*EXERCISE PROMPT:* Using the data below, print exactly the line with "Chart showing distribution", the line with "Image fo the", and every line between them, but none of the pictures.

EXERCISE DATA START

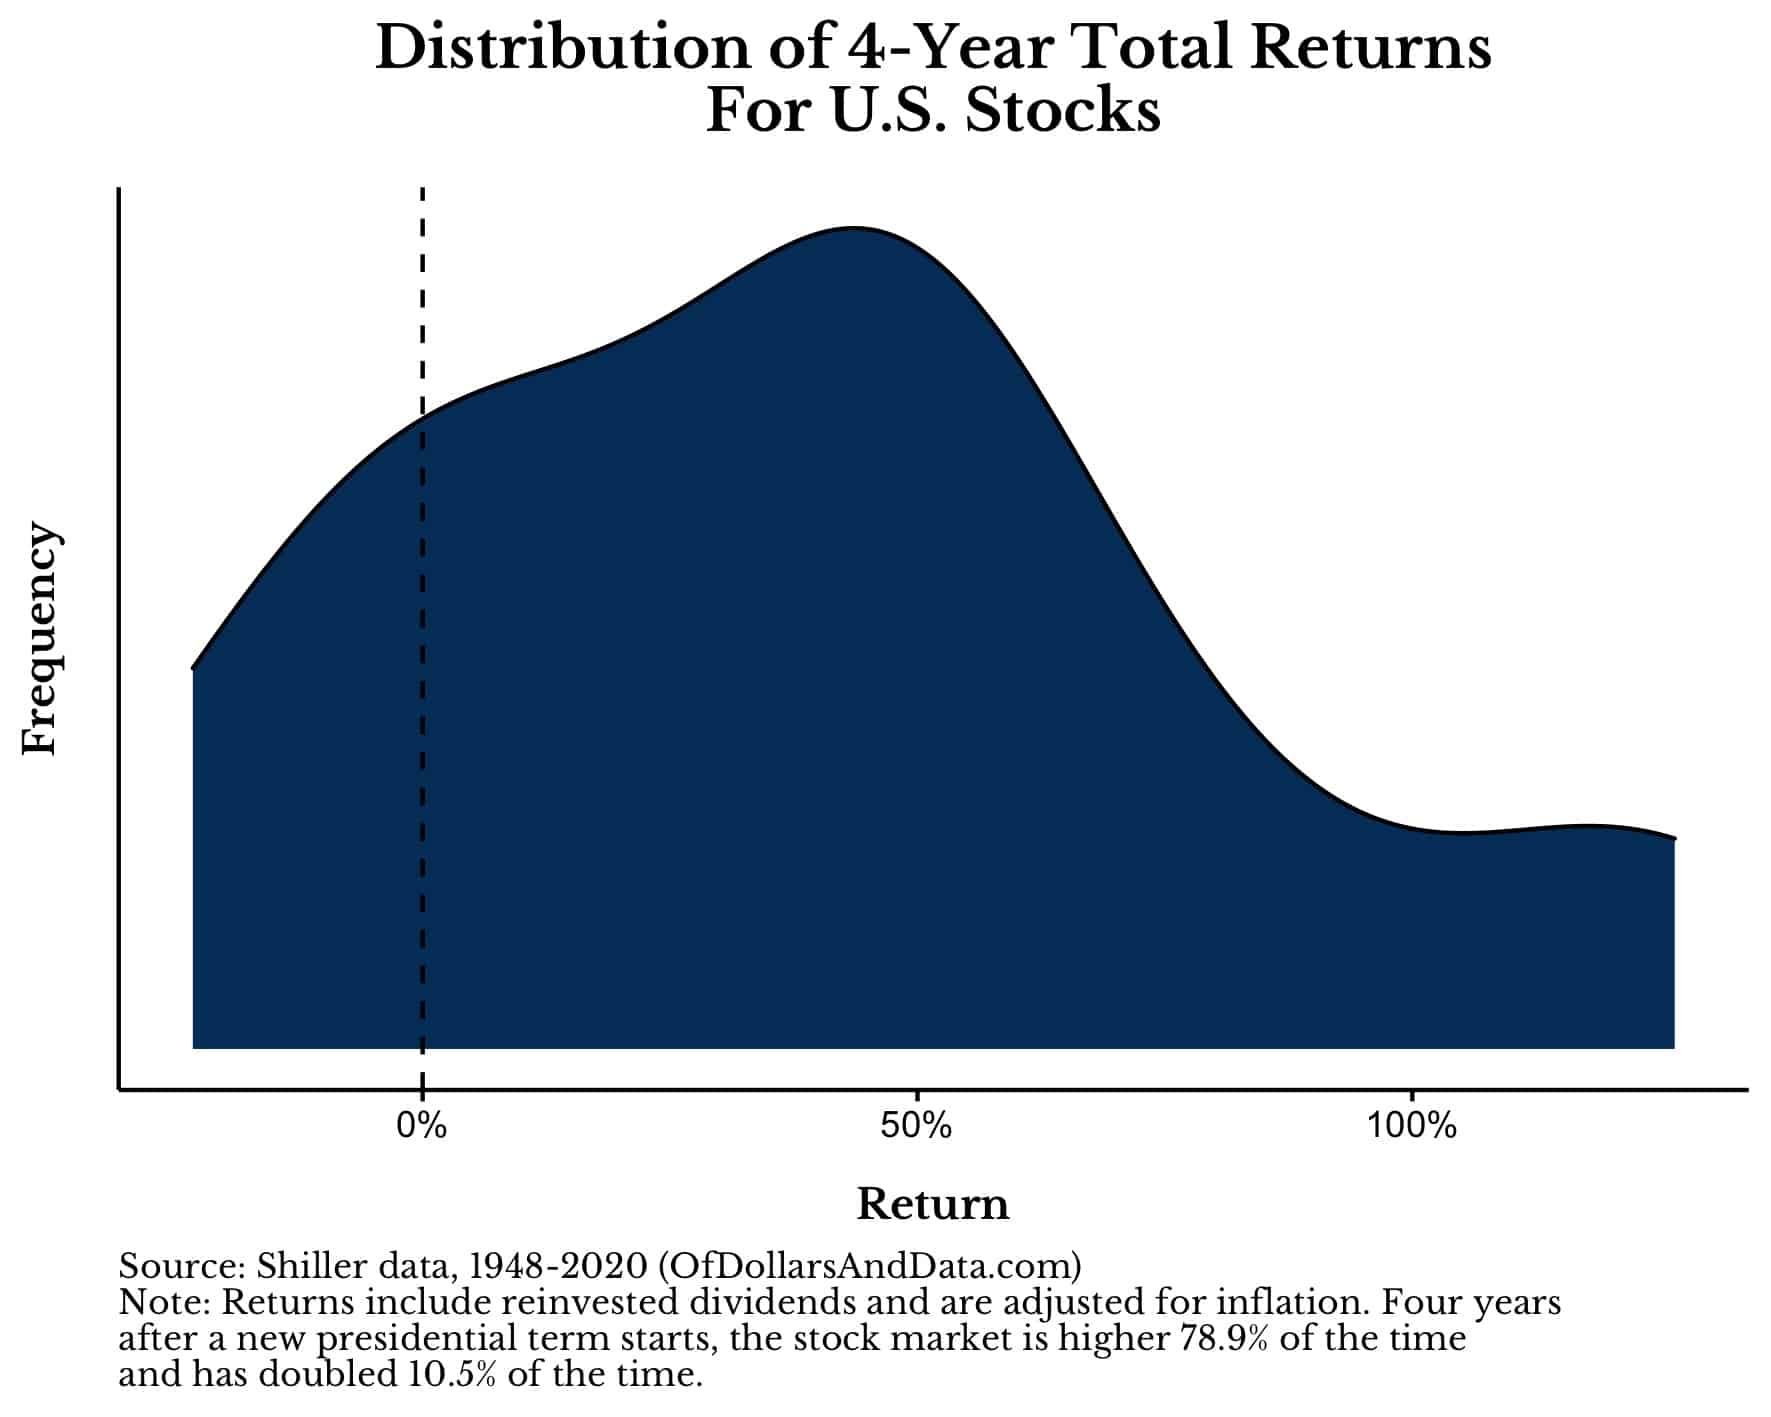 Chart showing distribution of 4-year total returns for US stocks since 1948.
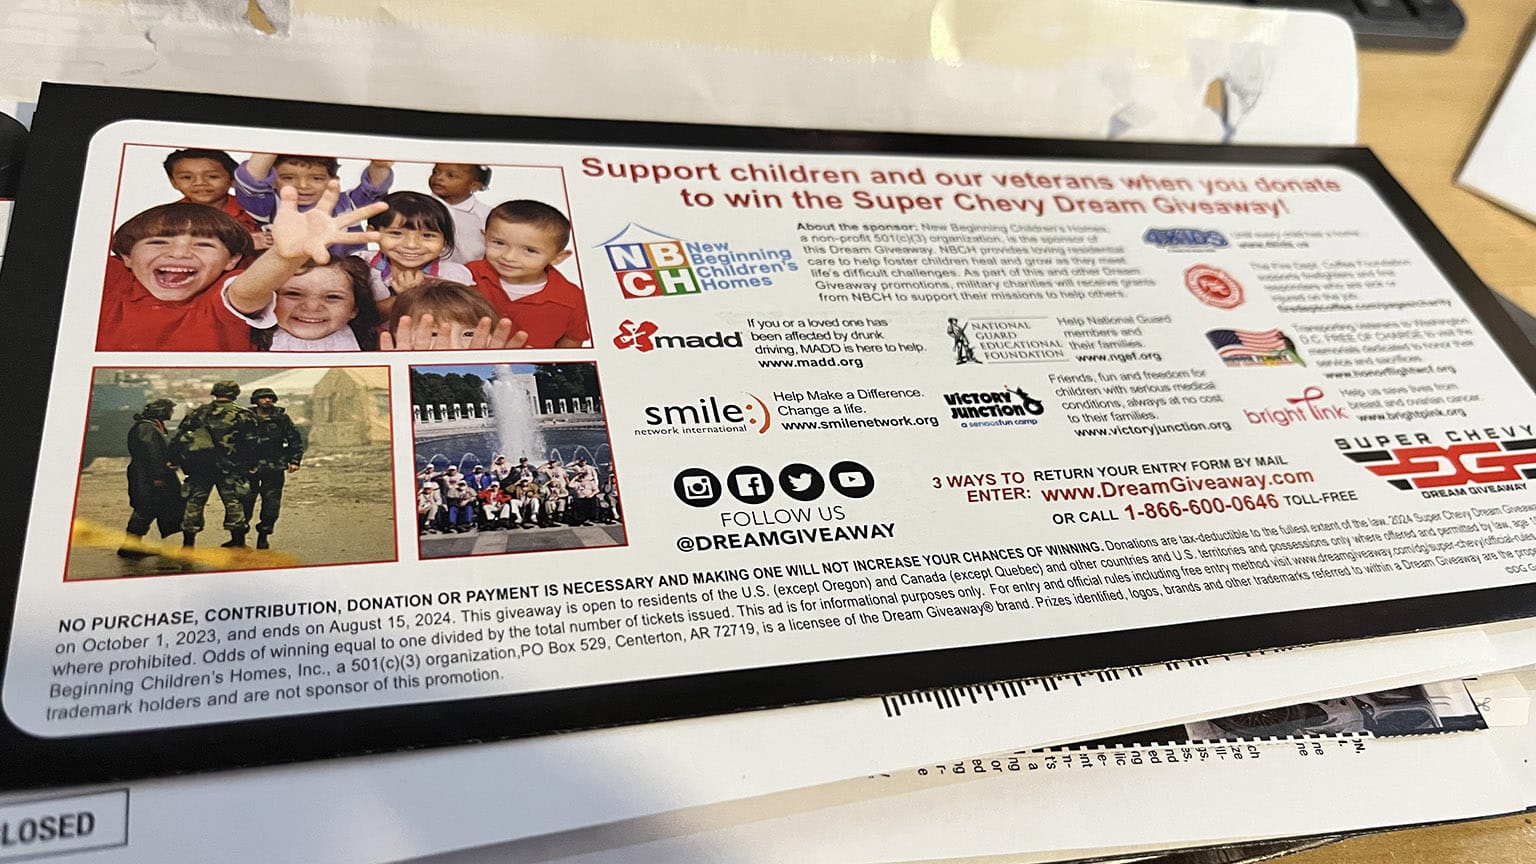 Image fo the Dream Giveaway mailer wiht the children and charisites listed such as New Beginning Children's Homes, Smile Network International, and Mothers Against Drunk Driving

EXERCISE DATA END
EXERCISE DATA START

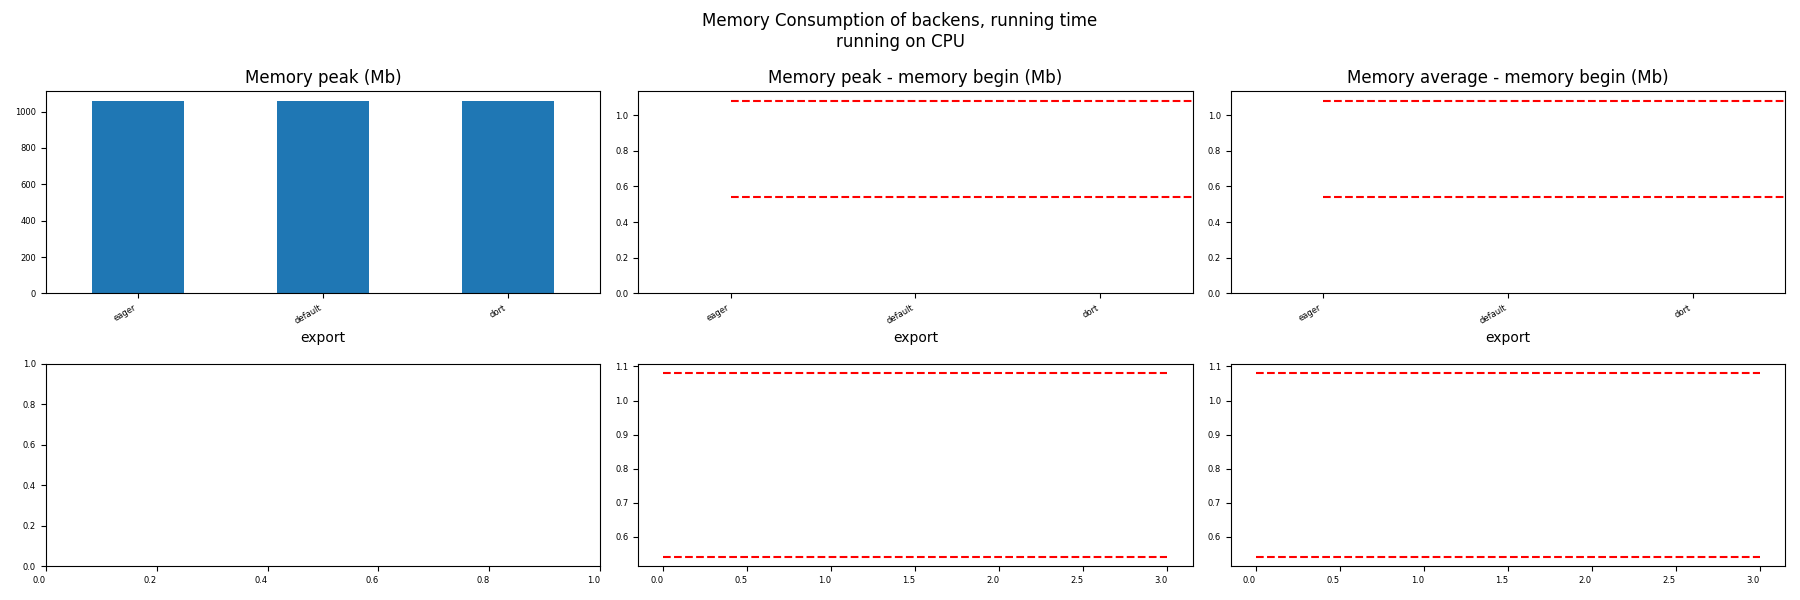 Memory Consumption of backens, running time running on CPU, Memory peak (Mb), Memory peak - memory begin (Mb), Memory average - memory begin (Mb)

EXERCISE DATA END
EXERCISE DATA START

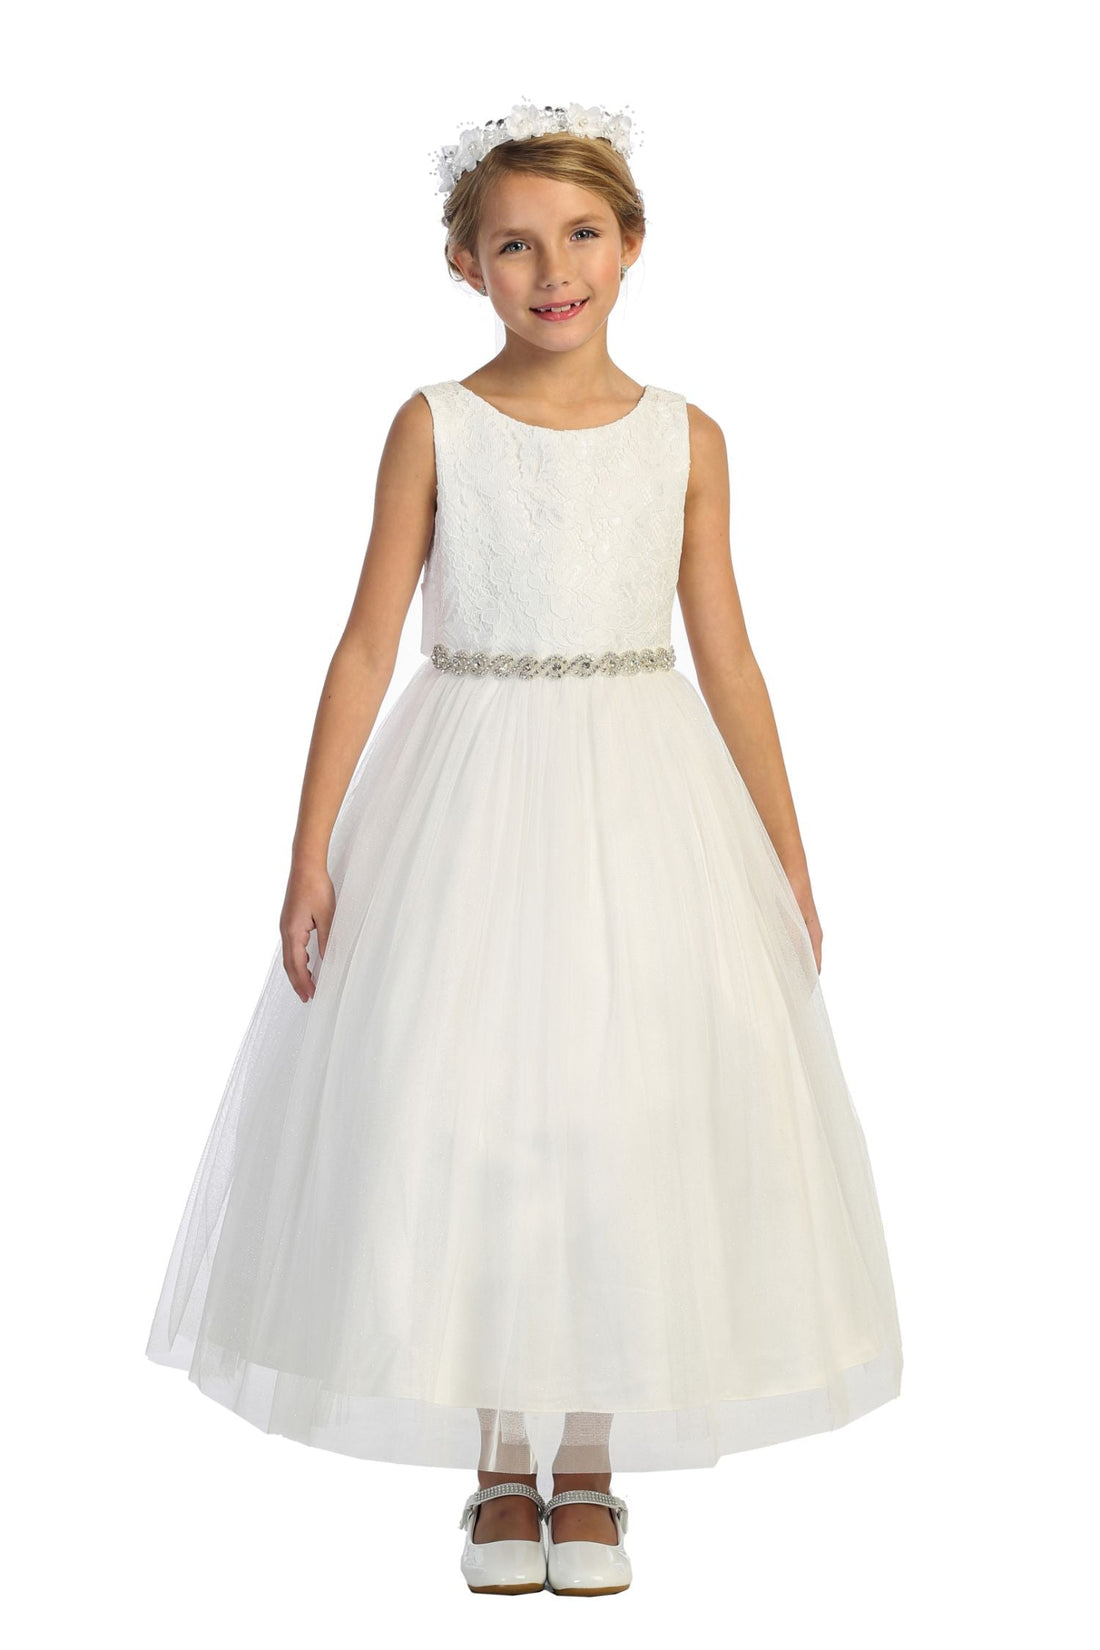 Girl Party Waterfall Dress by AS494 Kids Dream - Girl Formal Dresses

EXERCISE DATA END

*TASK RESULT:*
 Chart showing distribution of 4-year total returns for US stocks since 1948.
 Image fo the Dream Giveaway mailer wiht the children and charisites listed such as New Beginning Children's Homes, Smile Network International, and Mothers Against Drunk Driving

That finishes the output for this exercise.